* [Task requirements]: Using the listing below, print the line containing "1970s Van Cleef", the line containing "Beautiful muscle モッコリ野郎達!Vol.06", and each line between them, exactly and nothing else. Pictures stay out of the print.

====== Data provided

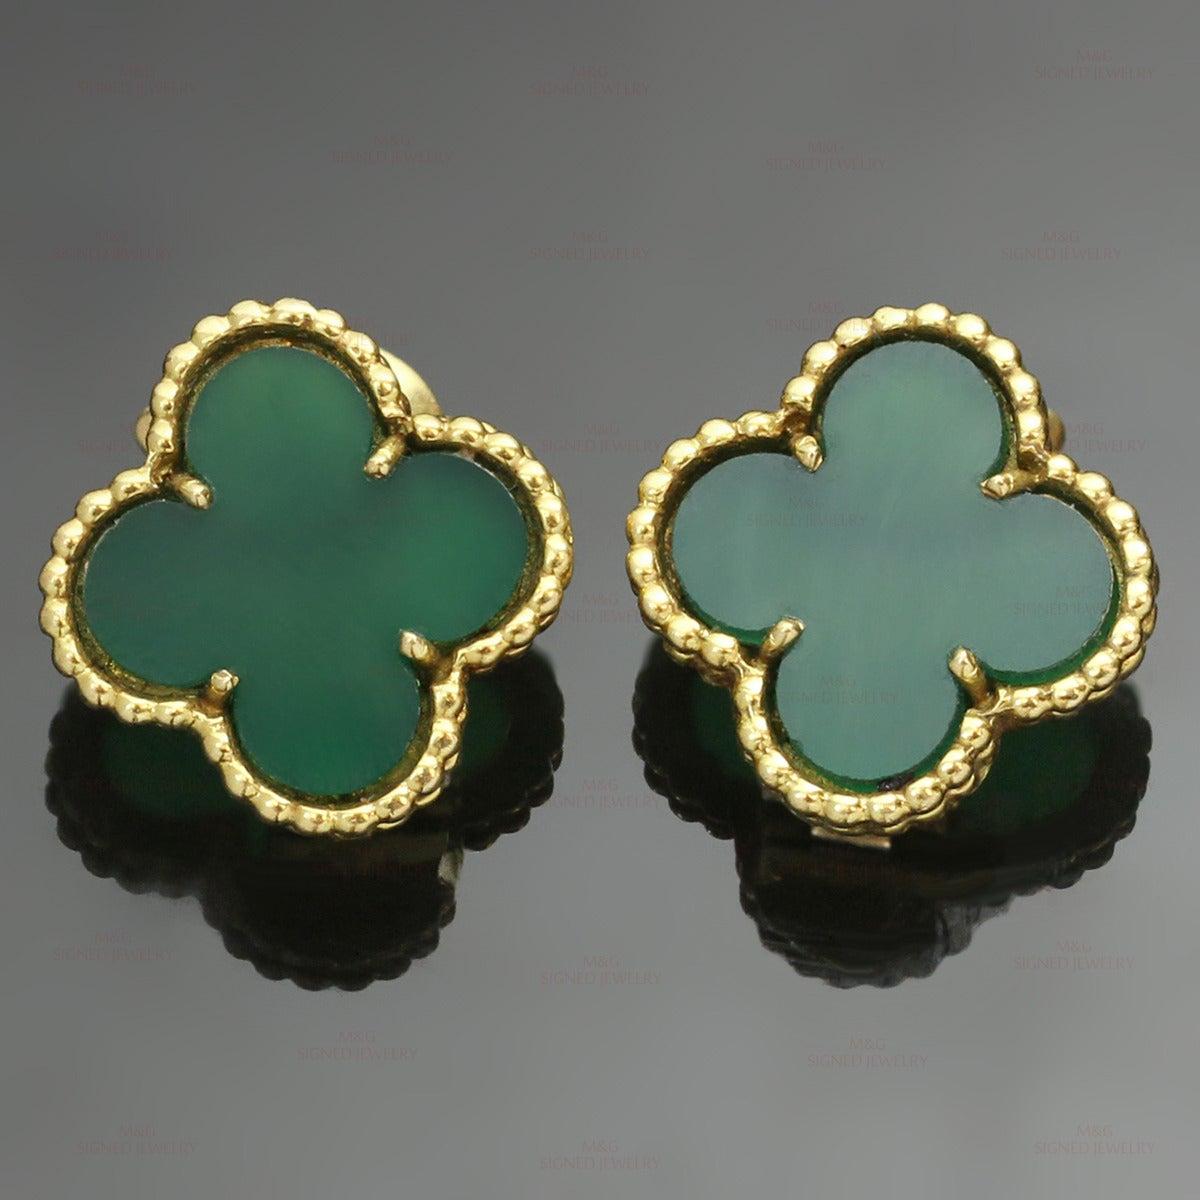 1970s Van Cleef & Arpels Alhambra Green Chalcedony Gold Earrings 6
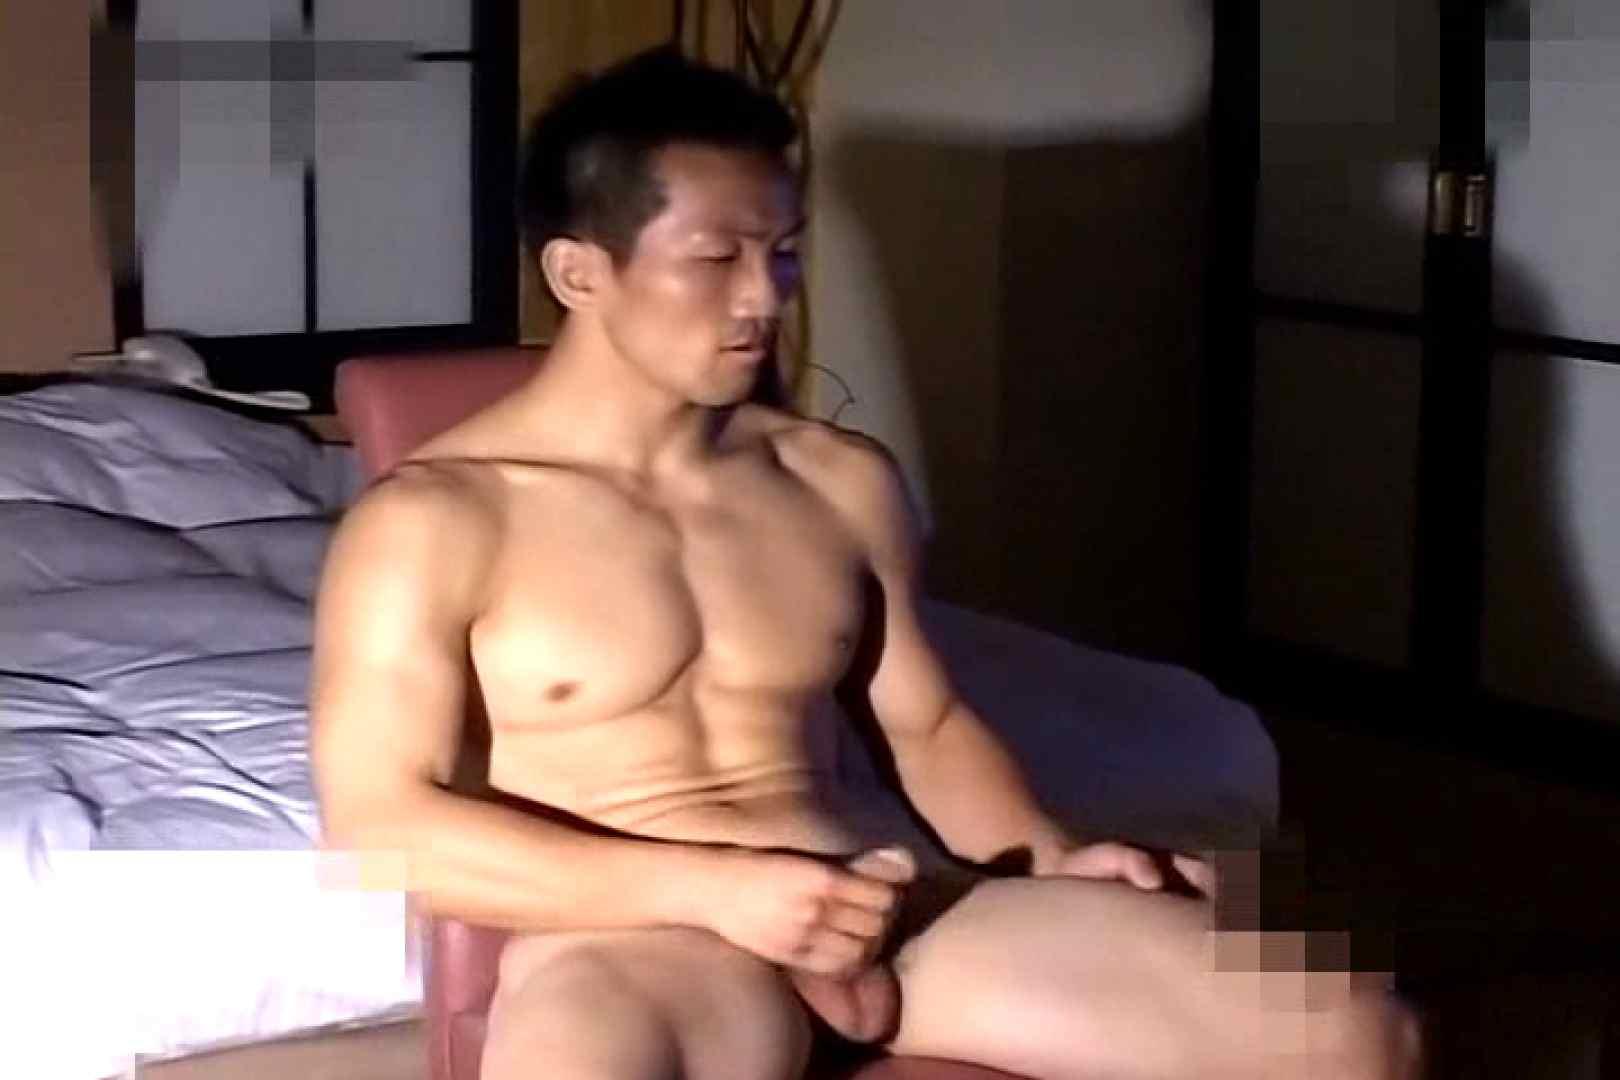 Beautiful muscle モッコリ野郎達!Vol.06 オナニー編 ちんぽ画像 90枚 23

============
====== Data provided

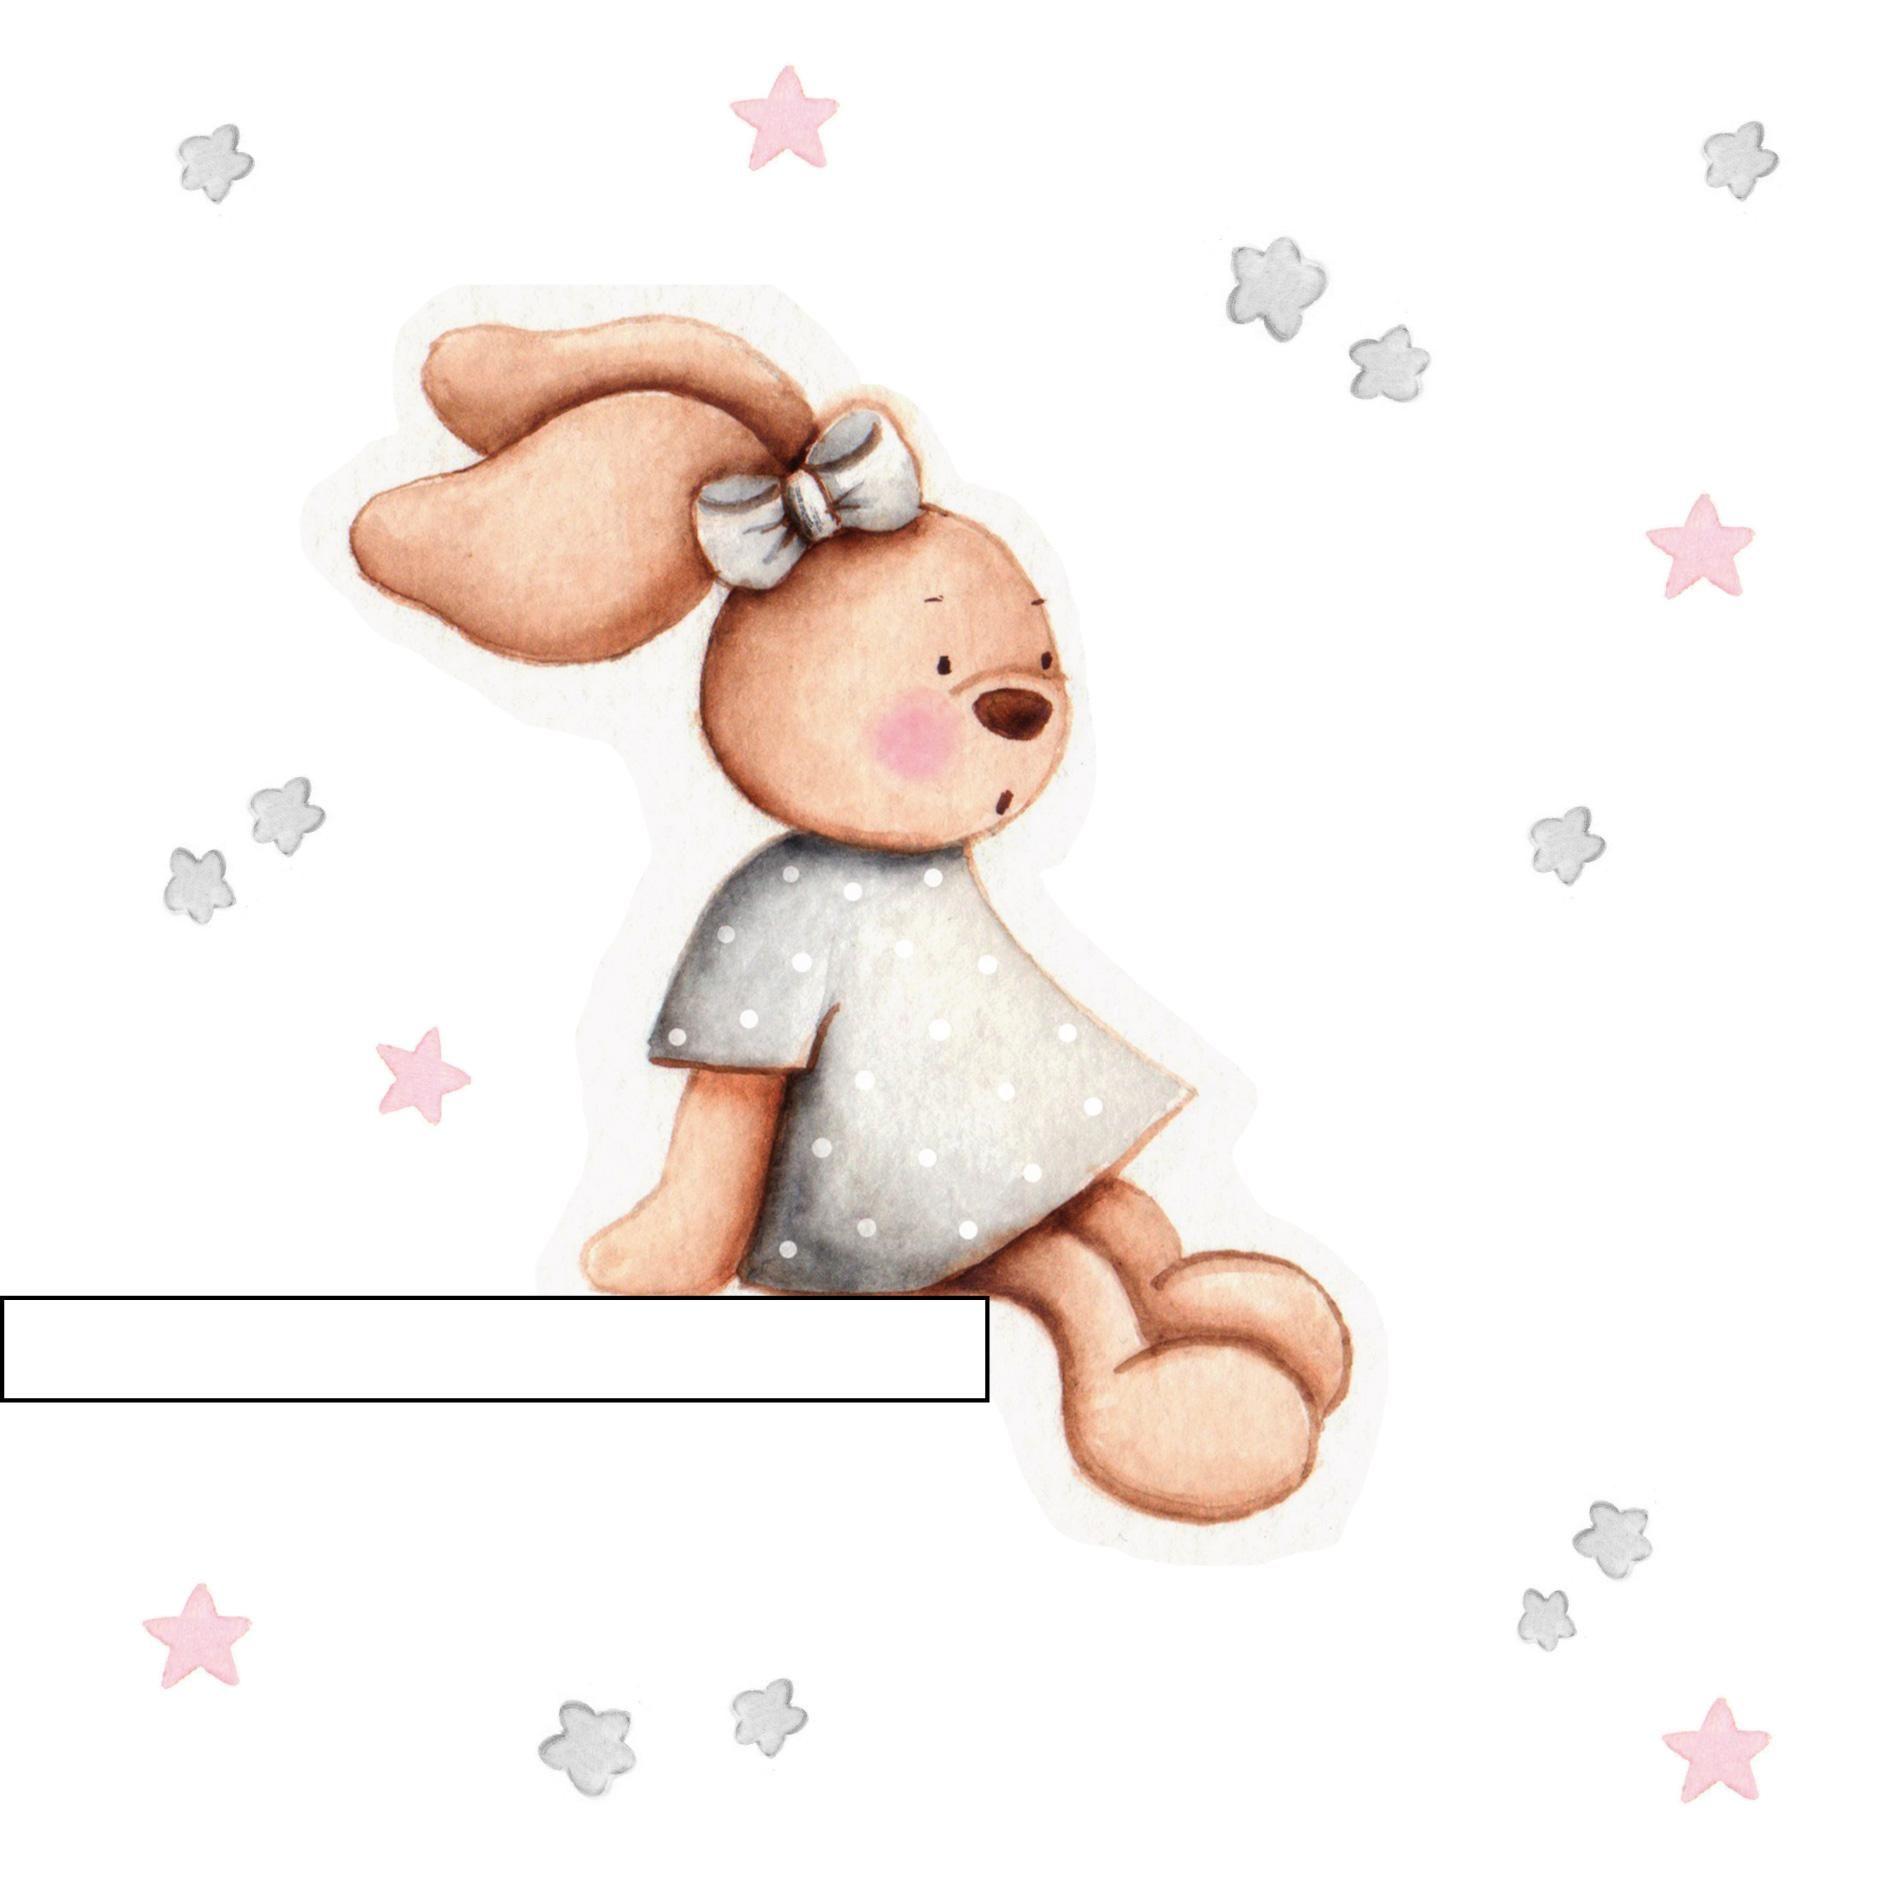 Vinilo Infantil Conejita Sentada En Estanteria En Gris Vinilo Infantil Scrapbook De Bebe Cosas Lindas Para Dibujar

============

* [Task solution]:
 1970s Van Cleef & Arpels Alhambra Green Chalcedony Gold Earrings 6
 Beautiful muscle モッコリ野郎達!Vol.06 オナニー編 ちんぽ画像 90枚 23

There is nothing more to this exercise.